**EXCERPTED RECORDS**
━━━━━━━━━━━━━━━━━━━━
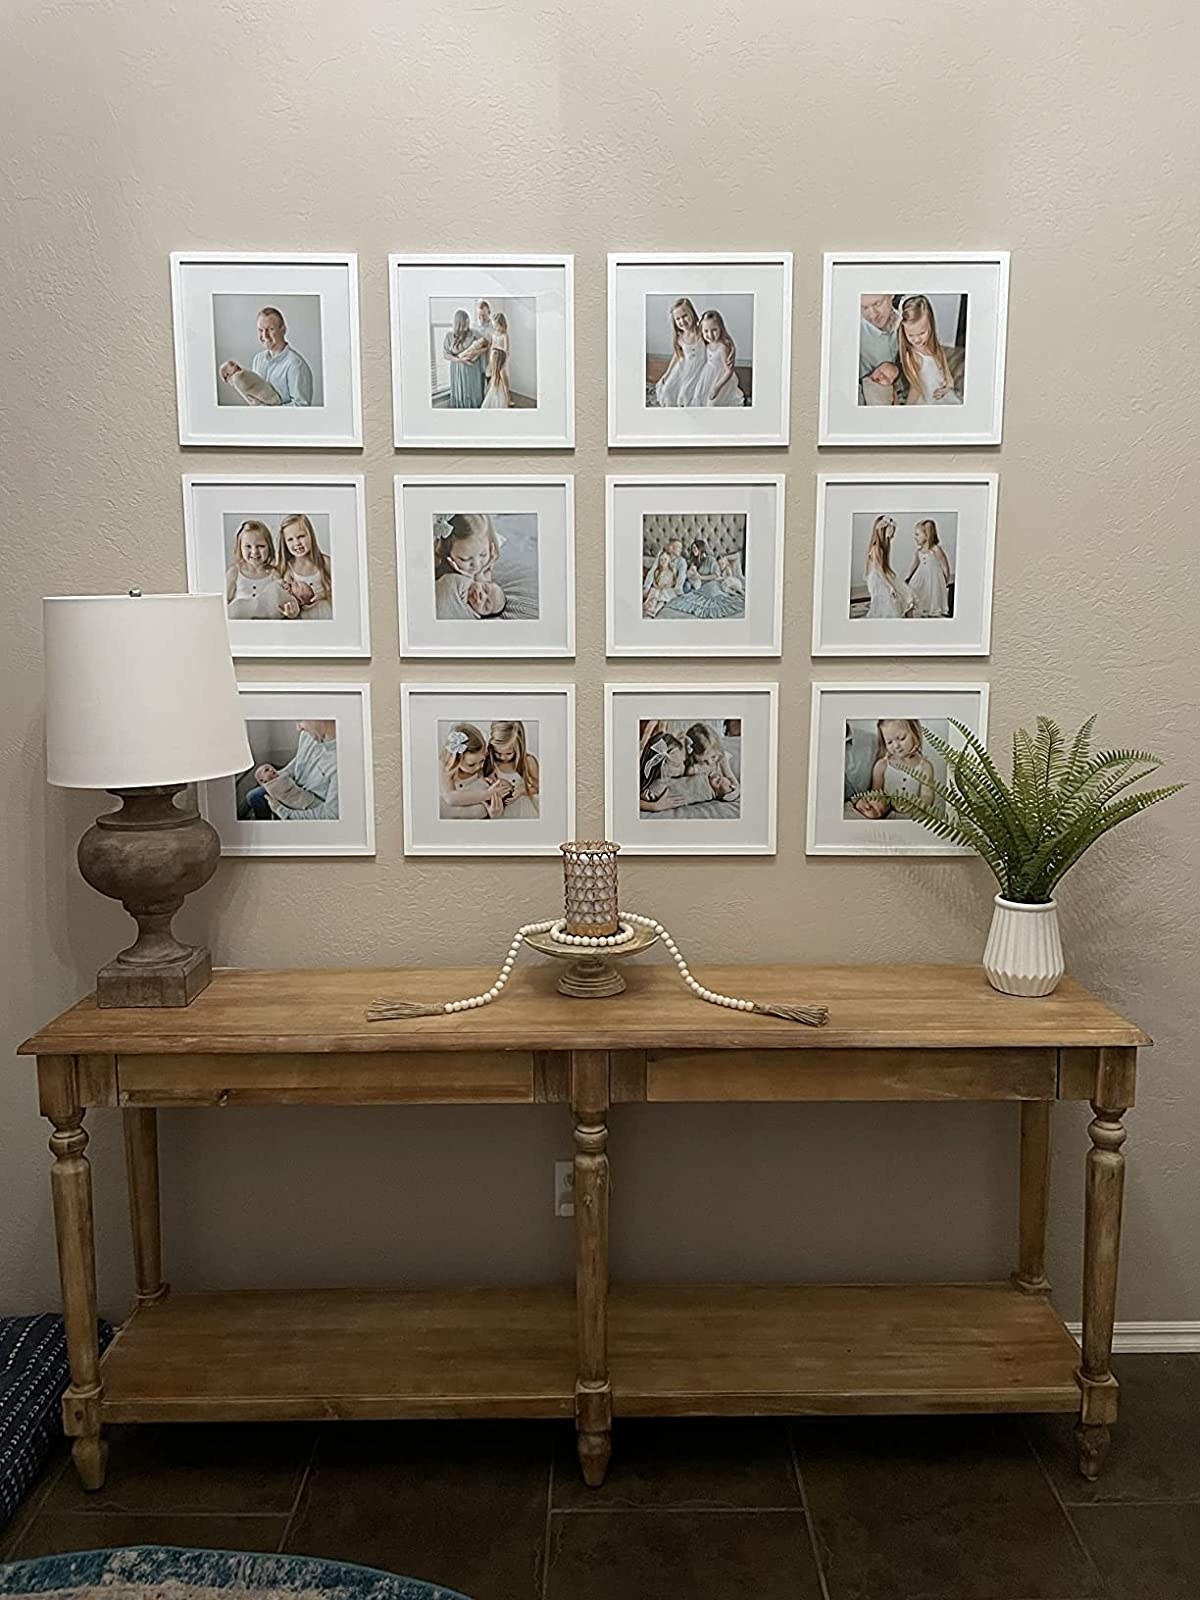 Reviewer image of frames above a console table
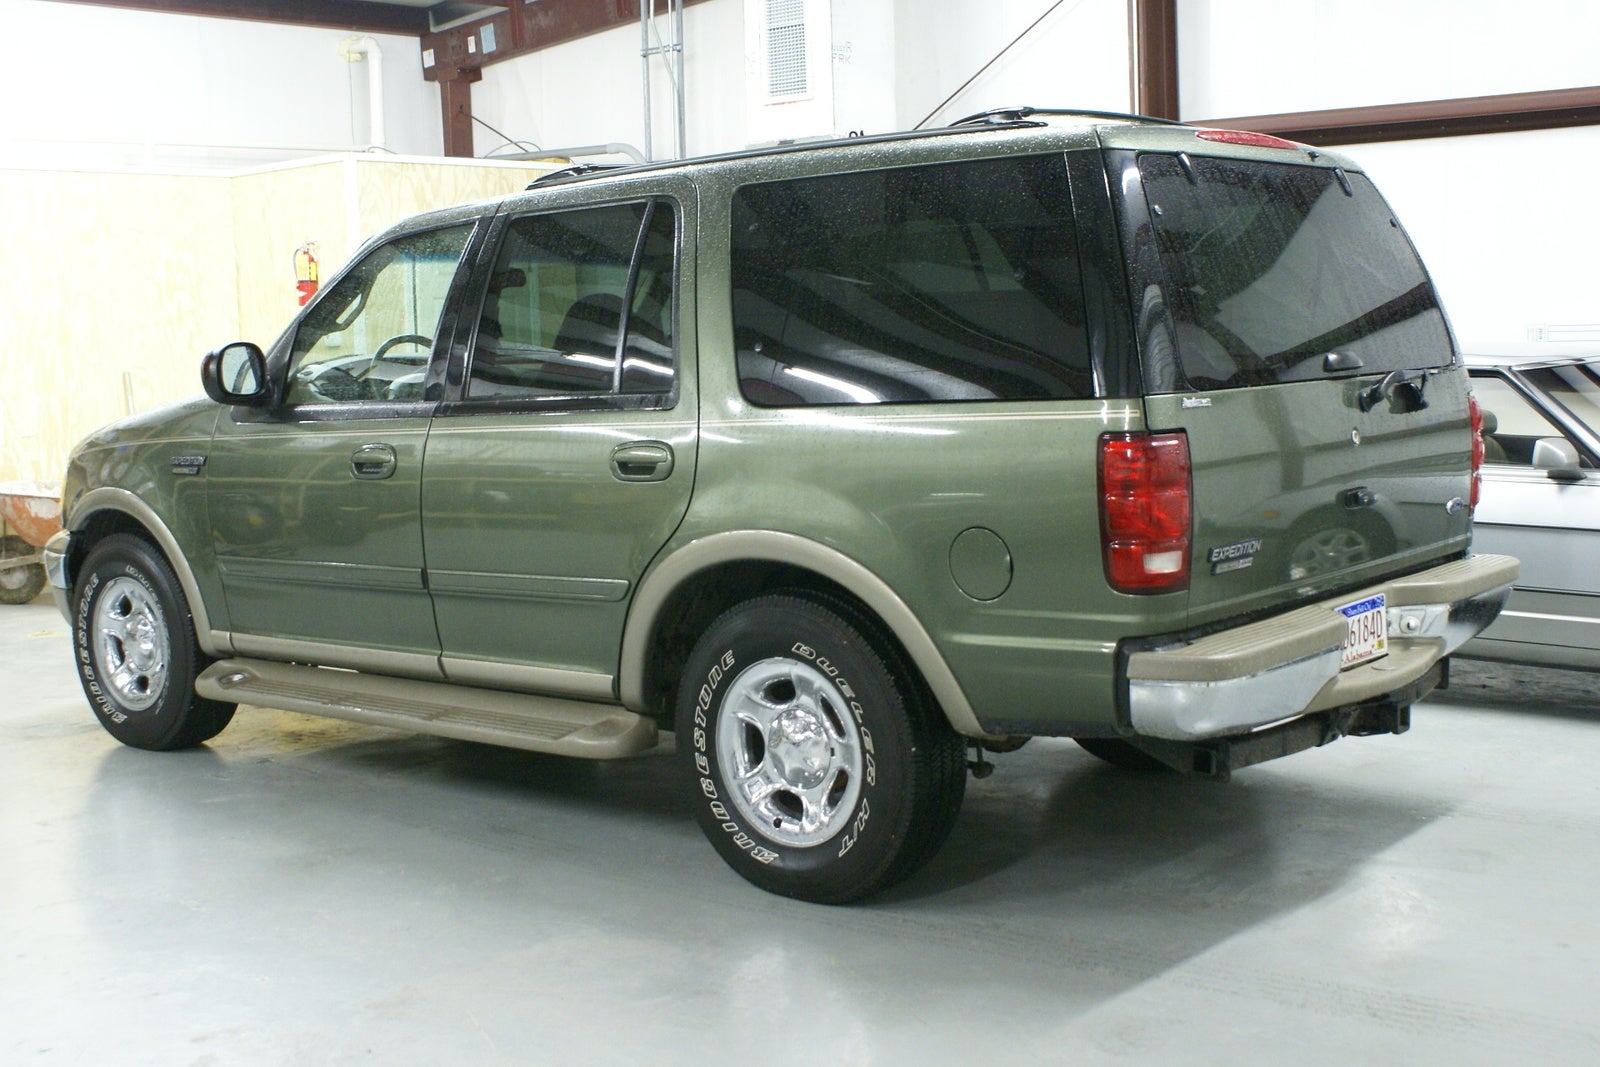 2004 Ford expedition stock rims #10
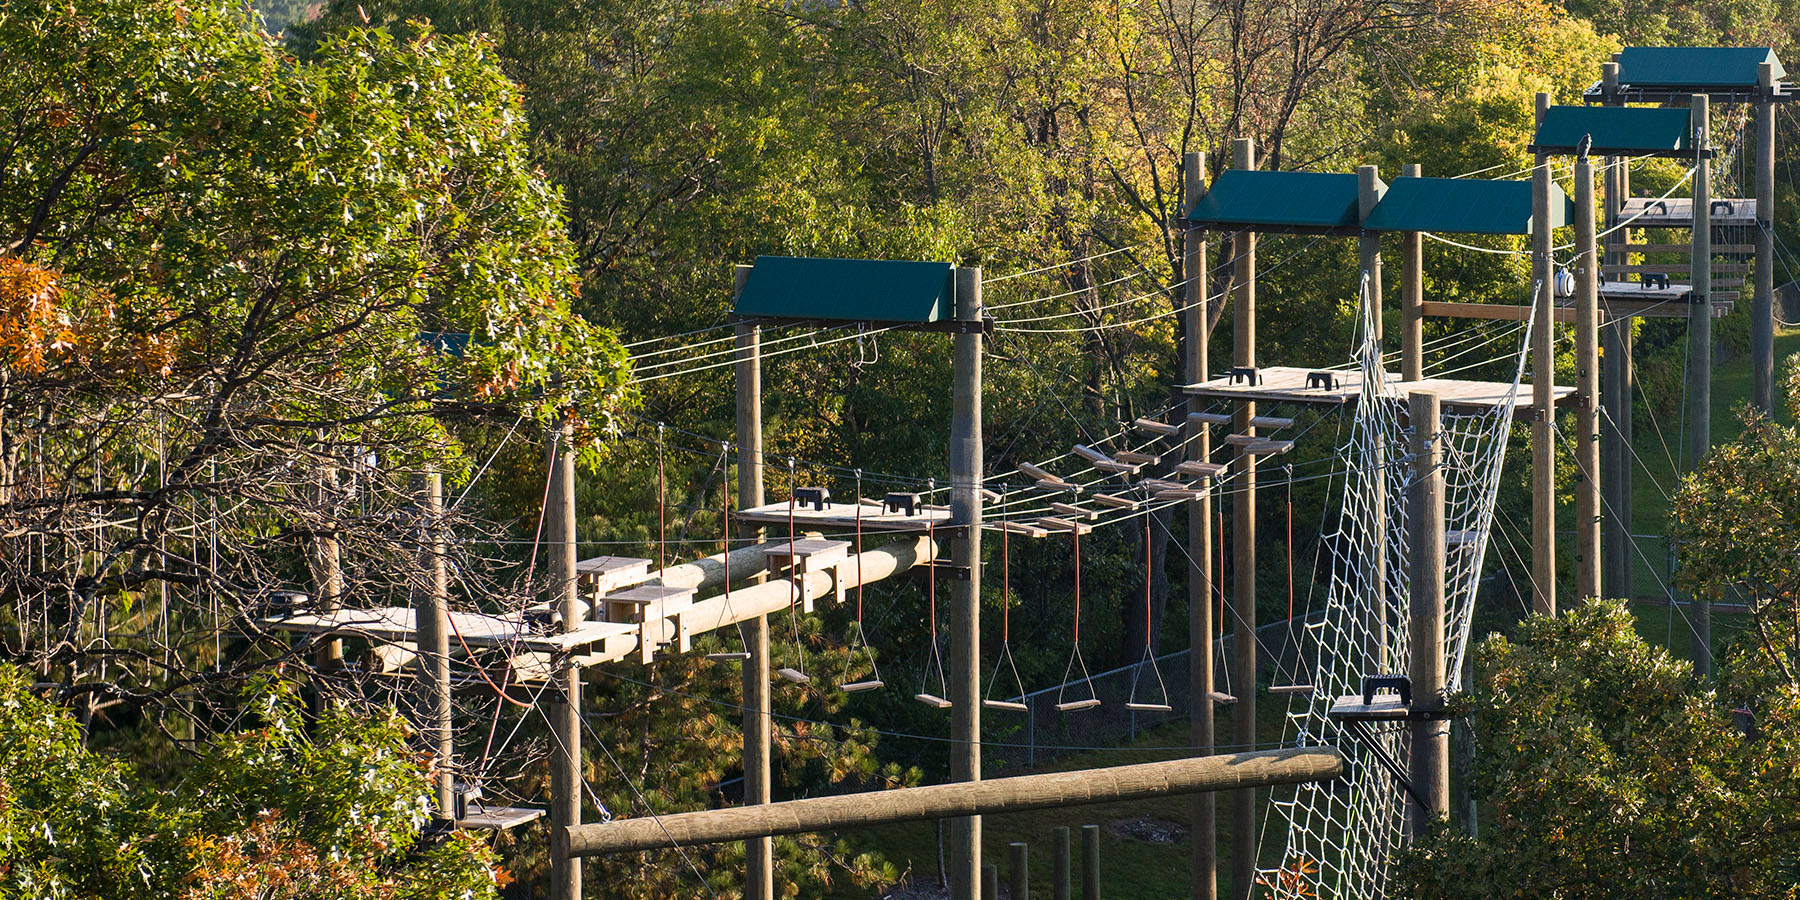 Canopy challenge course designed and built by ABEE Inc.
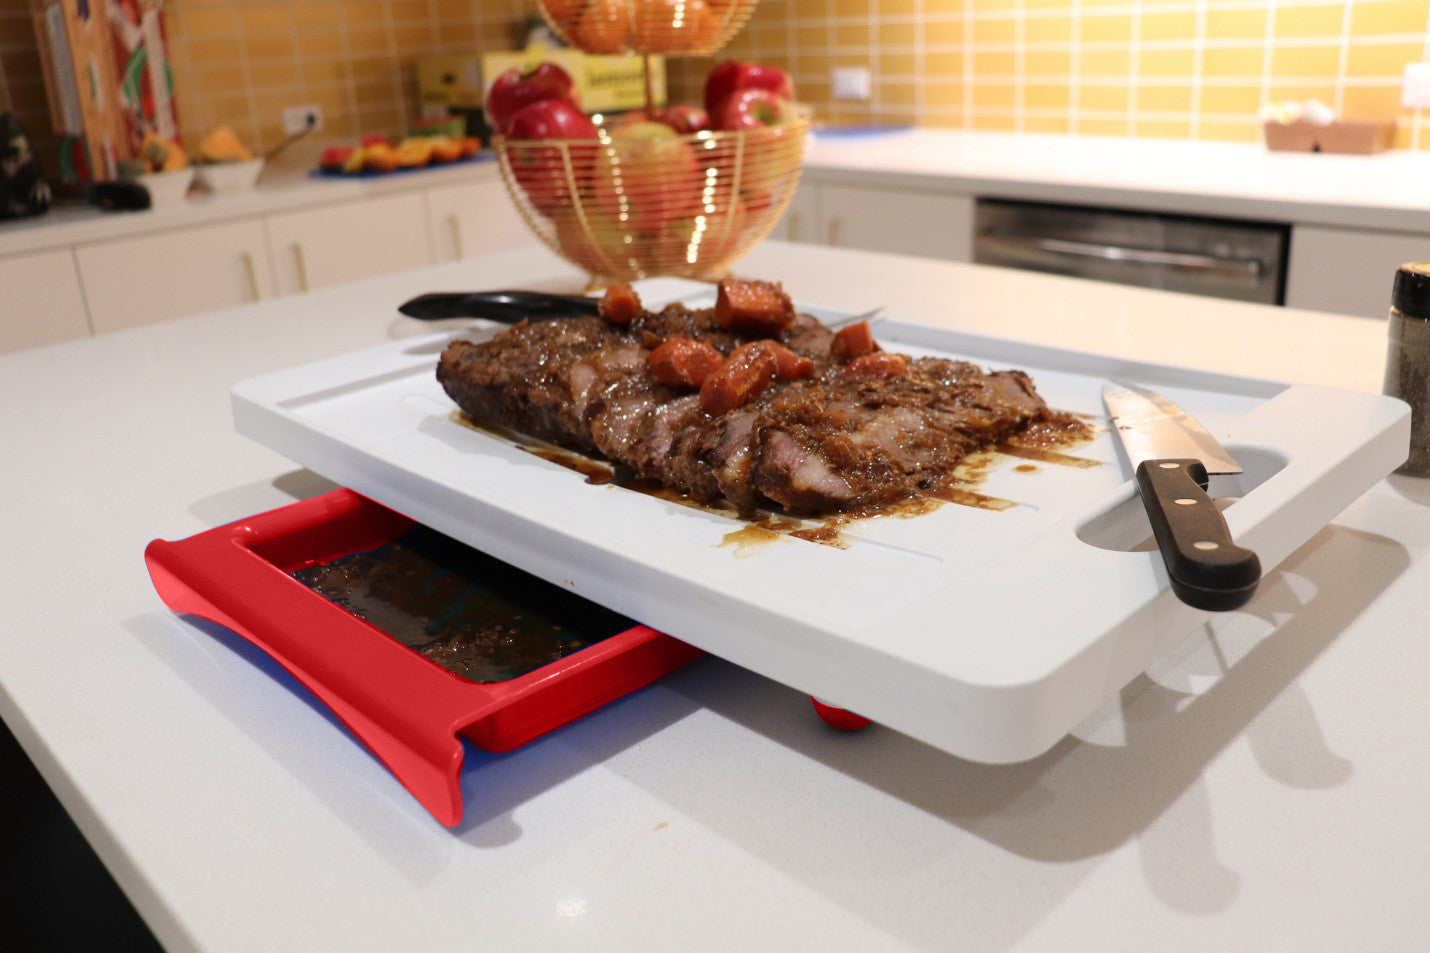 Dripless Cutting Board 2 In 1 System With Digital Meat Thermometer
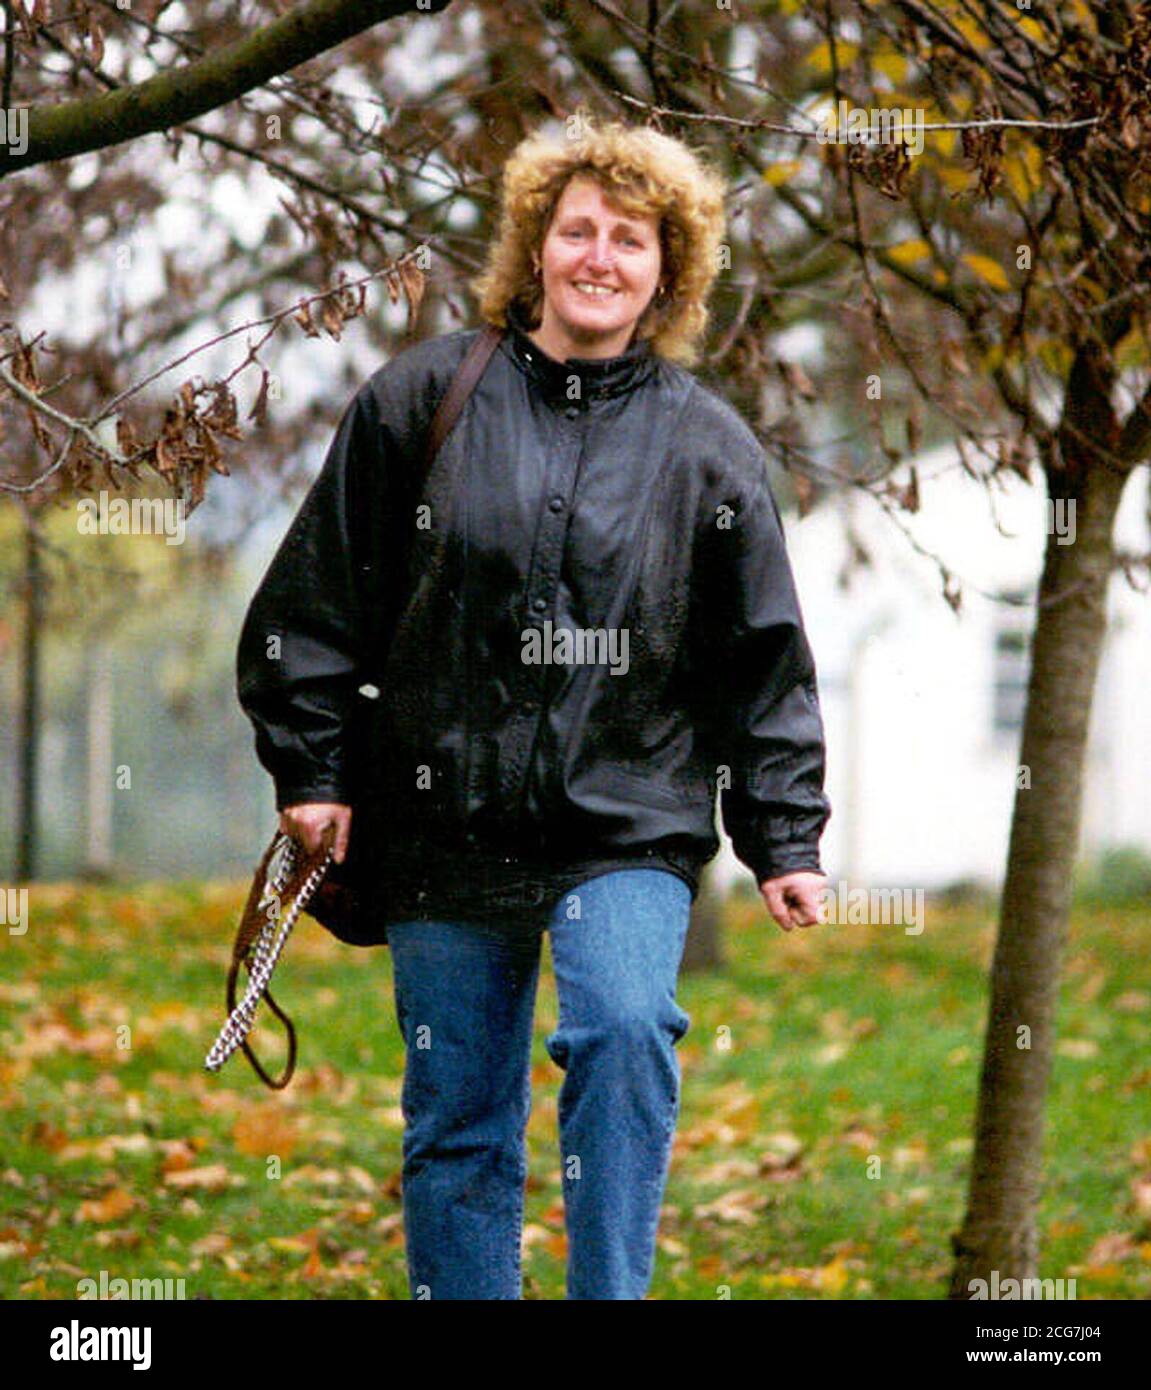 Undated Police collect image of Landlady Carol Evans from Peterborough who was allegedly beaten to death by her lodger Peter Airey, 27, who buried her body under a pile of tools in the garden shed before selling her prized collection of country and western music.  *... Northampton Crown Court heard. Airey denies murdering Carol Evans but admitted seven counts of theft, one of forgery and two of obtaining property by deception.  Stock Photo
━━━━━━━━━━━━━━━━━━━━
**ACTION ITEM**
Please copy exactly the lines from the one that contains "Dripless Cutting Board" through the last line of the listing above, leaving out the pictures.

**RESULT OF THE EXERCISE**
 Dripless Cutting Board 2 In 1 System With Digital Meat Thermometer
 Undated Police collect image of Landlady Carol Evans from Peterborough who was allegedly beaten to death by her lodger Peter Airey, 27, who buried her body under a pile of tools in the garden shed before selling her prized collection of country and western music.  *... Northampton Crown Court heard. Airey denies murdering Carol Evans but admitted seven counts of theft, one of forgery and two of obtaining property by deception.  Stock Photo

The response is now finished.